By Fari Payandeh
Let’s say I work for the Center for Disease Control and my job is to analyze the data gathered from around the country to improve our response time during flu season. Suppose we want to know about the geographical spread of flu for the last winter (2016). We run some BI reports and it tells us that the state of New York had the most outbreaks. Knowing that information we might want to better prepare the state for the next winter. Theses types of queries examine past events, are most widely used, and fall under the Descriptive Analytics category.
Now, we just purchased an interactive visualization tool and I am looking at the map of the United States depicting the concentration of flu in different states for the last winter. I click on a button to display the vaccine distribution. There it is; I visually detected a direct correlation between the intensity of flu outbreak with the late shipment of vaccines. I noticed that the shipments of vaccine for the state of New York were delayed last year. This gives me a clue to further investigate the case to determine if the correlation is causal. This type of analysis falls under Diagnostic Analytics (discovery).

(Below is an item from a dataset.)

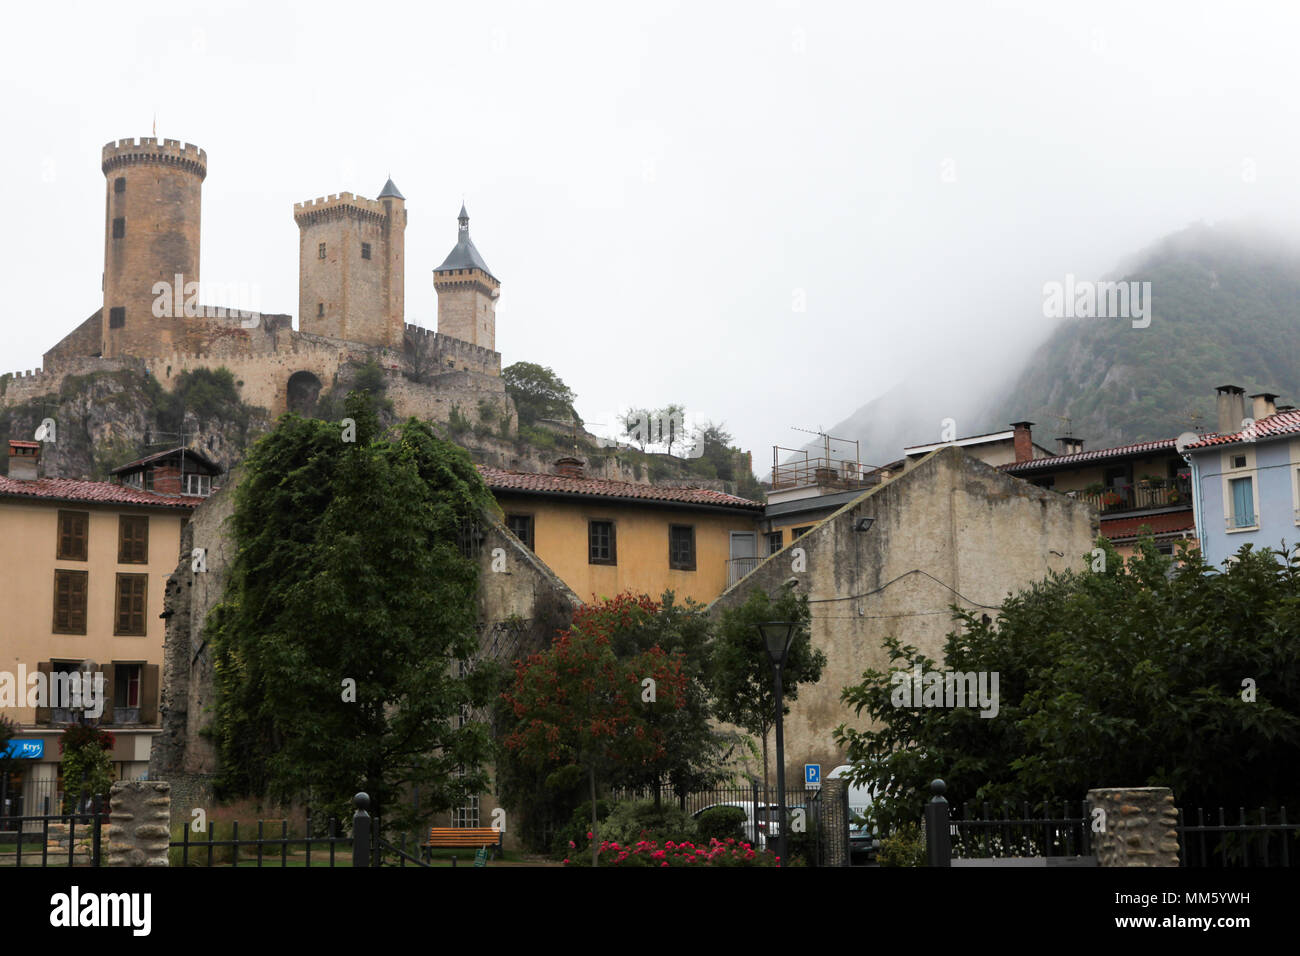 Photo du château qui domine la ville de Foix, en Ariège, France. Ce château médiéval est nommé en français : Le château de Foix. Banque D'Images

We go to the next phase which is Predictive Analytics. PA is what most people in the industry refer to as Data Analytics. It gives us the probability of different outcomes and it is future-oriented. The US banks have been using it for things like fraud detection. The process of distilling intelligence is more complex and it requires techniques like Statistical Modeling. Back to our examples, I hire a Data Scientist to help me create a model and apply the data to the model in order to identify causal relationships and correlations as they relate to the spread of flu for the winter of 2018. Note that we are now taking about the future. I can use my visualization tool to play around with some variables such as demand, vaccine production rate, quantity… to weight the pluses and minuses of different decisions insofar as how to prepare and tackle the potential problems in the coming months.
The last phase is the Prescriptive Analytics and that is to integrate our tried-and-true predictive models into our repeatable processes to yield desired outcomes. An automated risk reduction system based on real-time data received from the sensors in a factory would be a good example of its use case.
Finally, here is an example of Big Data. Suppose it’s December 2018 and it happens to be a bad year for the flu epidemic. A new strain of the virus is wreaking havoc, and a drug company has produced a vaccine that is effective in combating the virus. But, the problem is that the company can’t produce them fast enough to meet the demand. Therefore, the Government has to prioritize its shipments. Currently the Government has to wait a considerable amount of time to gather the data from around the country, analyze it, and take action. The process is slow and inefficient. The following includes the contributing factors. Not having fast enough computer systems capable of gathering and storing the data (velocity), not having computer systems that can accommodate the volume of the data pouring in from all of the medical centers in the country (volume), and not having computer systems that can process images, i.e, x-rays (variety).
Big Data technology changed all of that. It solved the velocity-volume-variety problem. We now have computer systems that can handle “Big Data”. The Center for Disease Control may receive the data from hospitals and doctor offices in real-time and Data Analytics Software that sits on the top of Big Data computer system could generate actionable items that can give the Government the agility it needs in times of crises.